Records:

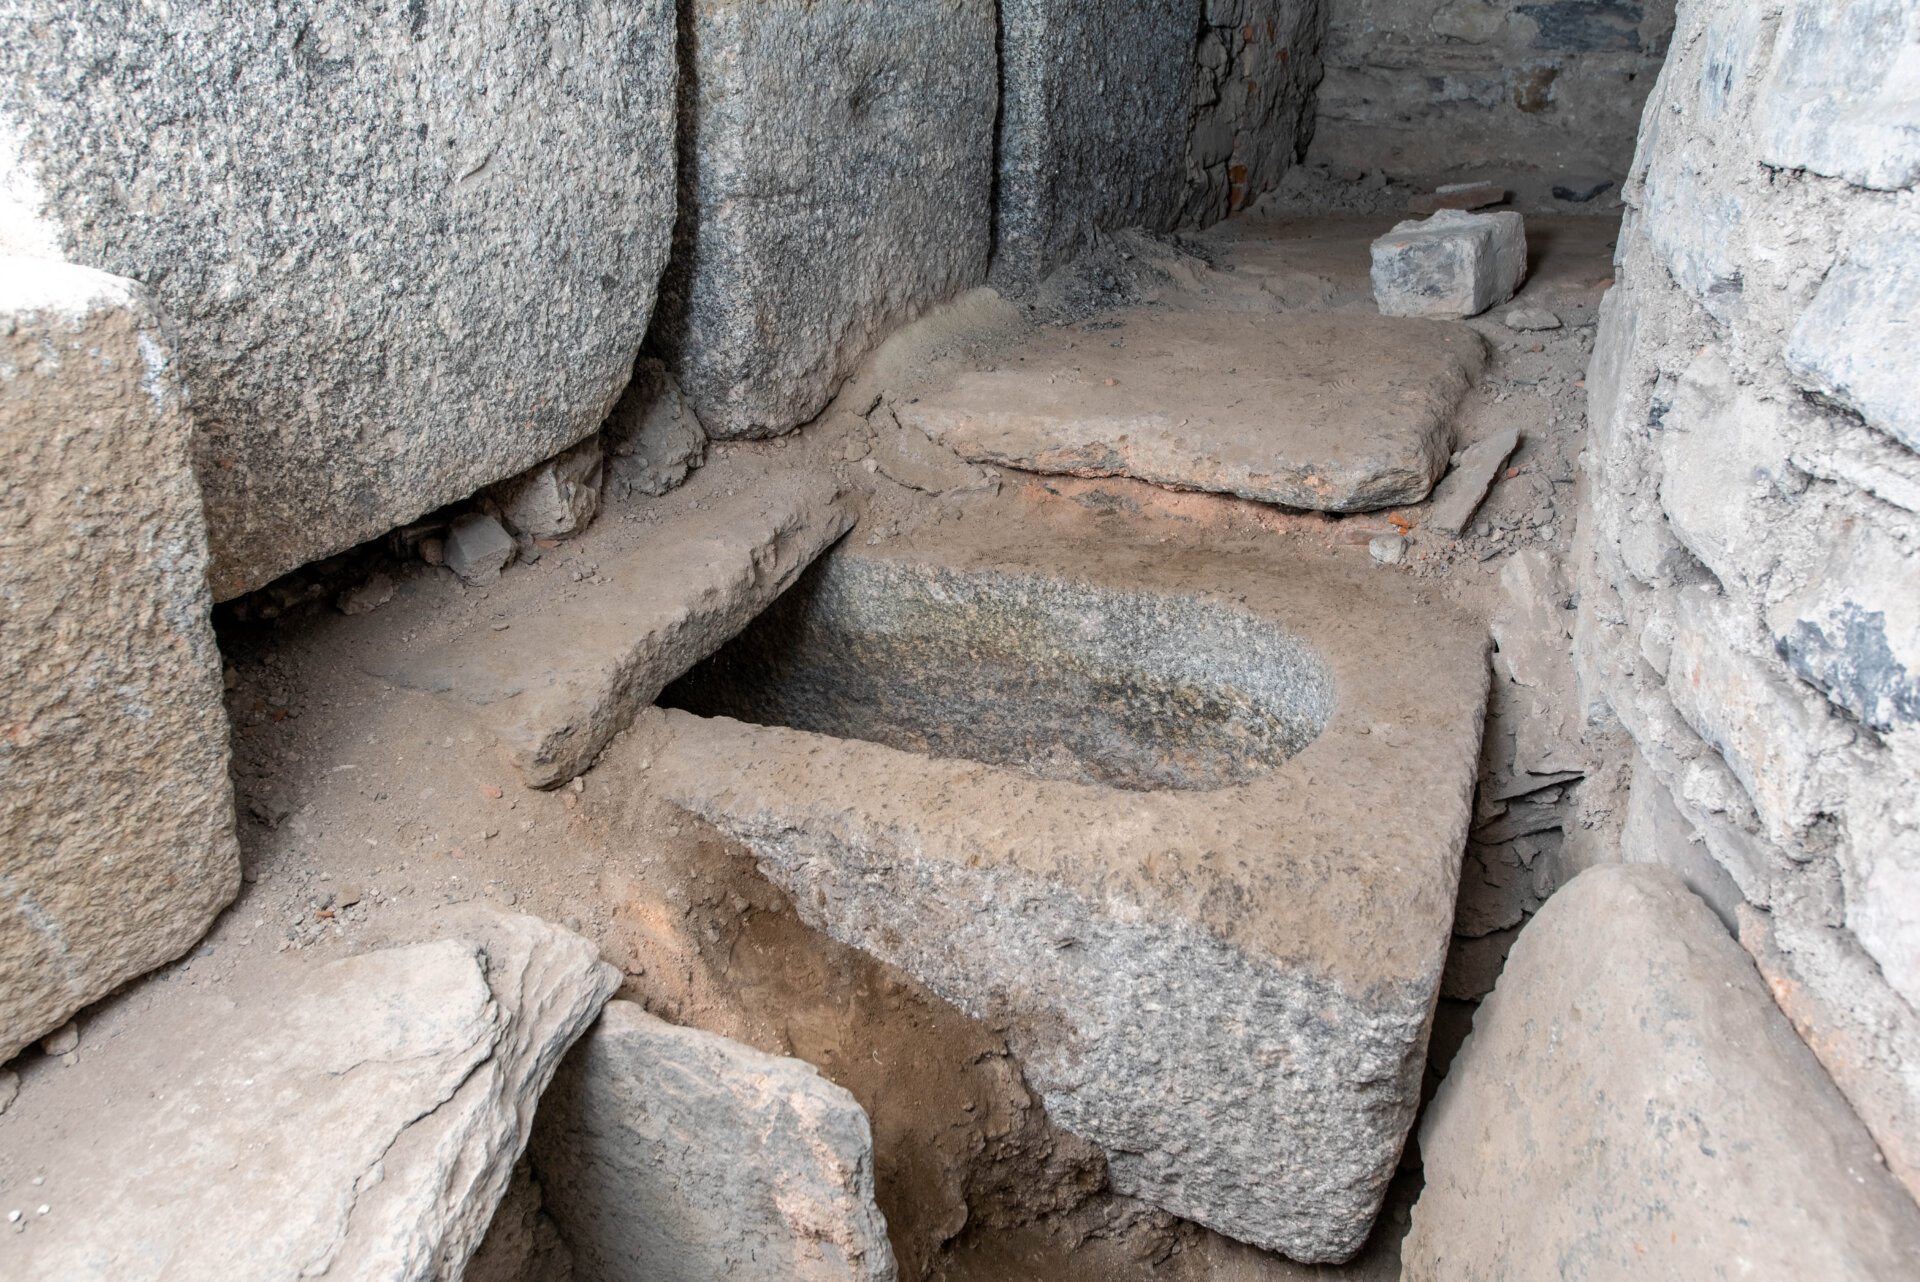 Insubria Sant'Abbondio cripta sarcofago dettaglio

--

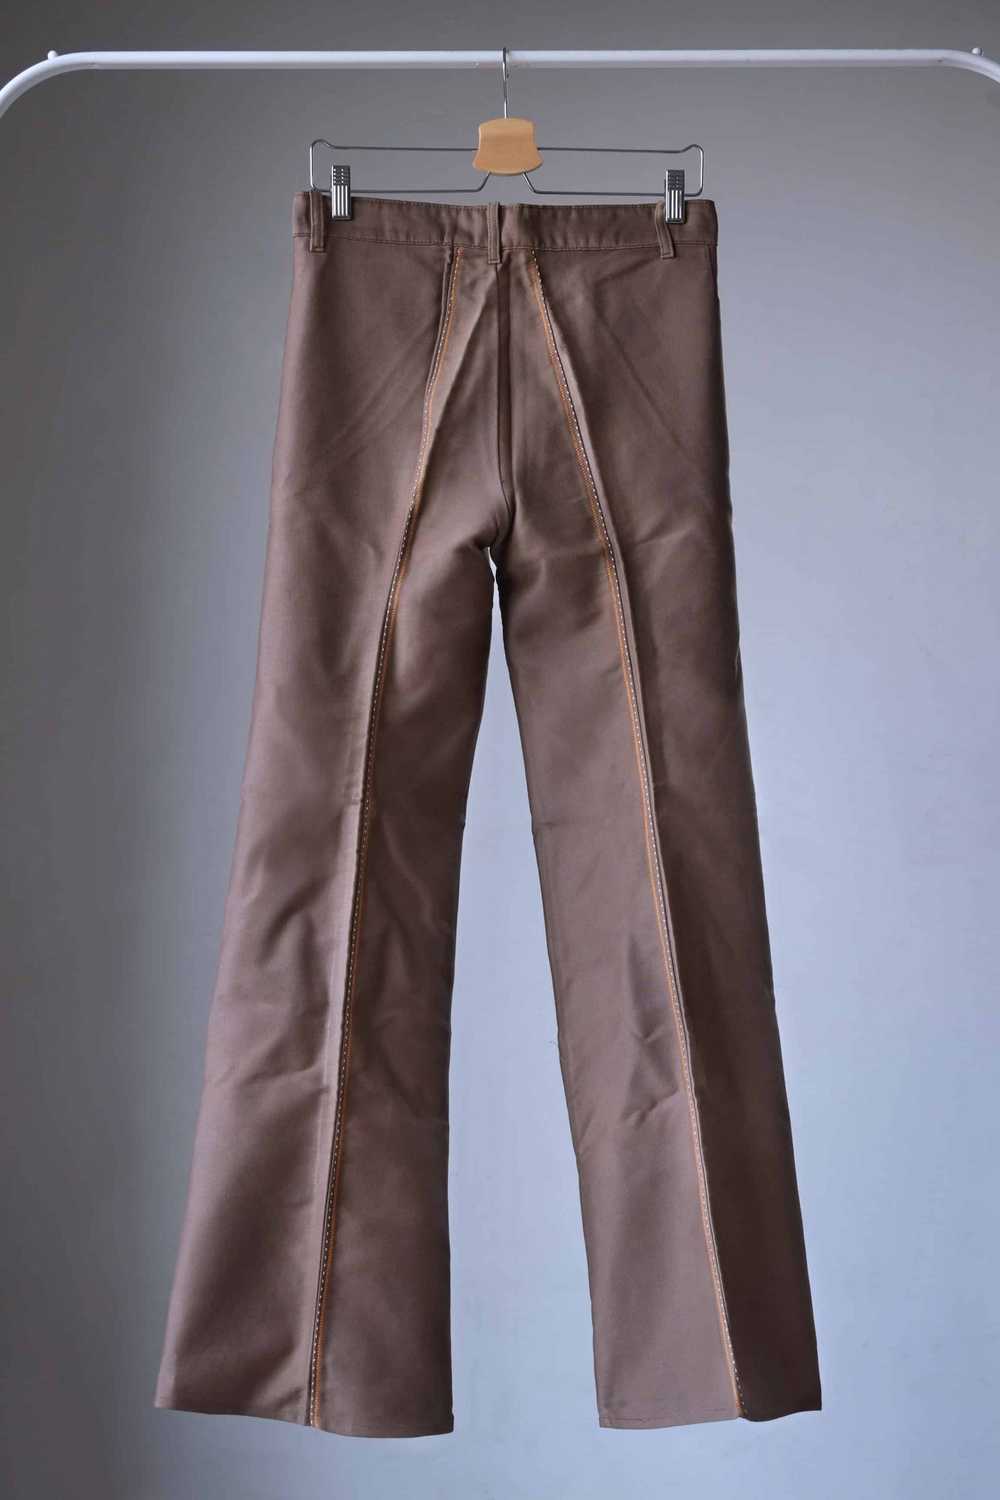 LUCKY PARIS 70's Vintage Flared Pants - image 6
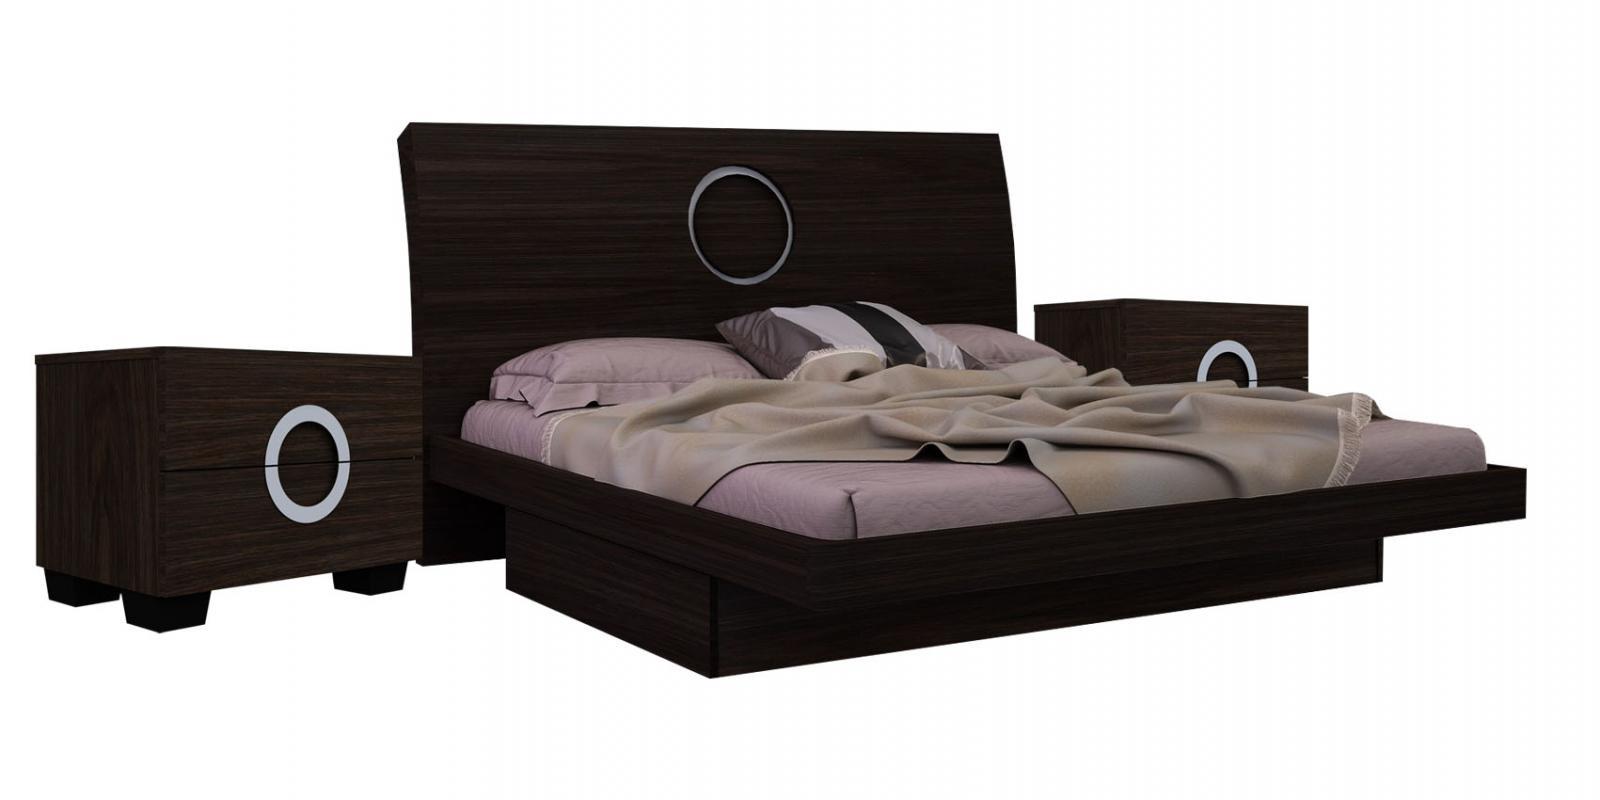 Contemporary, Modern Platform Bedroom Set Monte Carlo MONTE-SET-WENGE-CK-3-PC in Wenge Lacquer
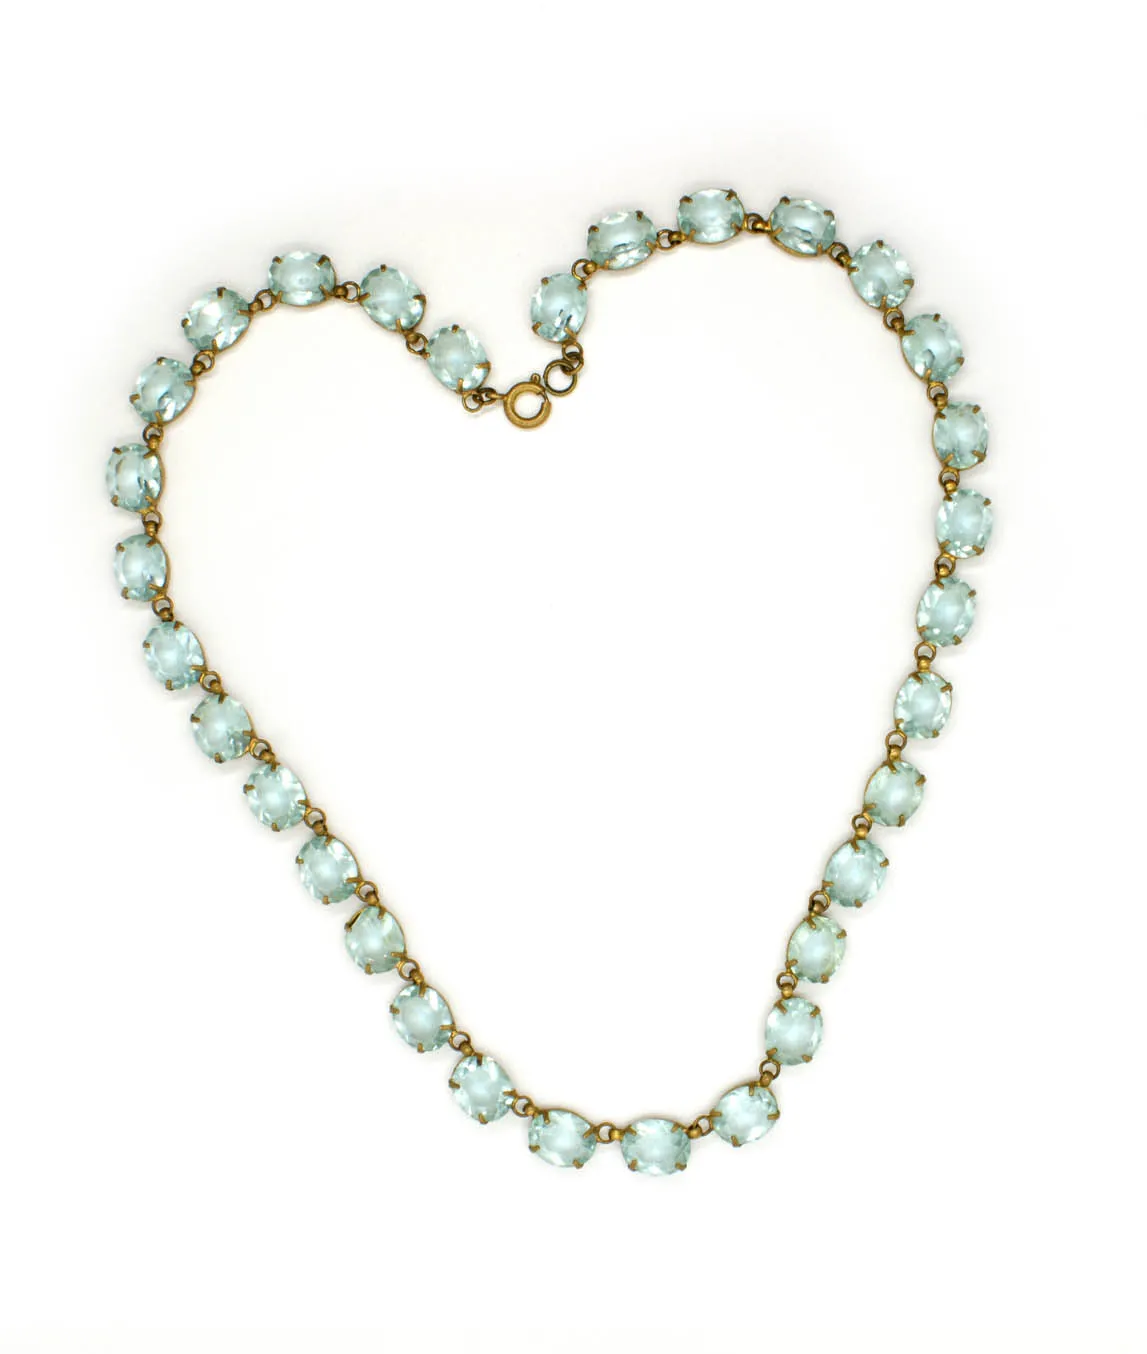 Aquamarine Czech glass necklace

Instructions to follow:
In the records above, find the line containing "Contemporary, Modern Platform" and the line containing "Aquamarine Czech glass necklace", then give both of them again word for word along with every line between. Omit any pictures.

Answer section:
 Contemporary, Modern Platform Bedroom Set Monte Carlo MONTE-SET-WENGE-CK-3-PC in Wenge Lacquer
 Aquamarine Czech glass necklace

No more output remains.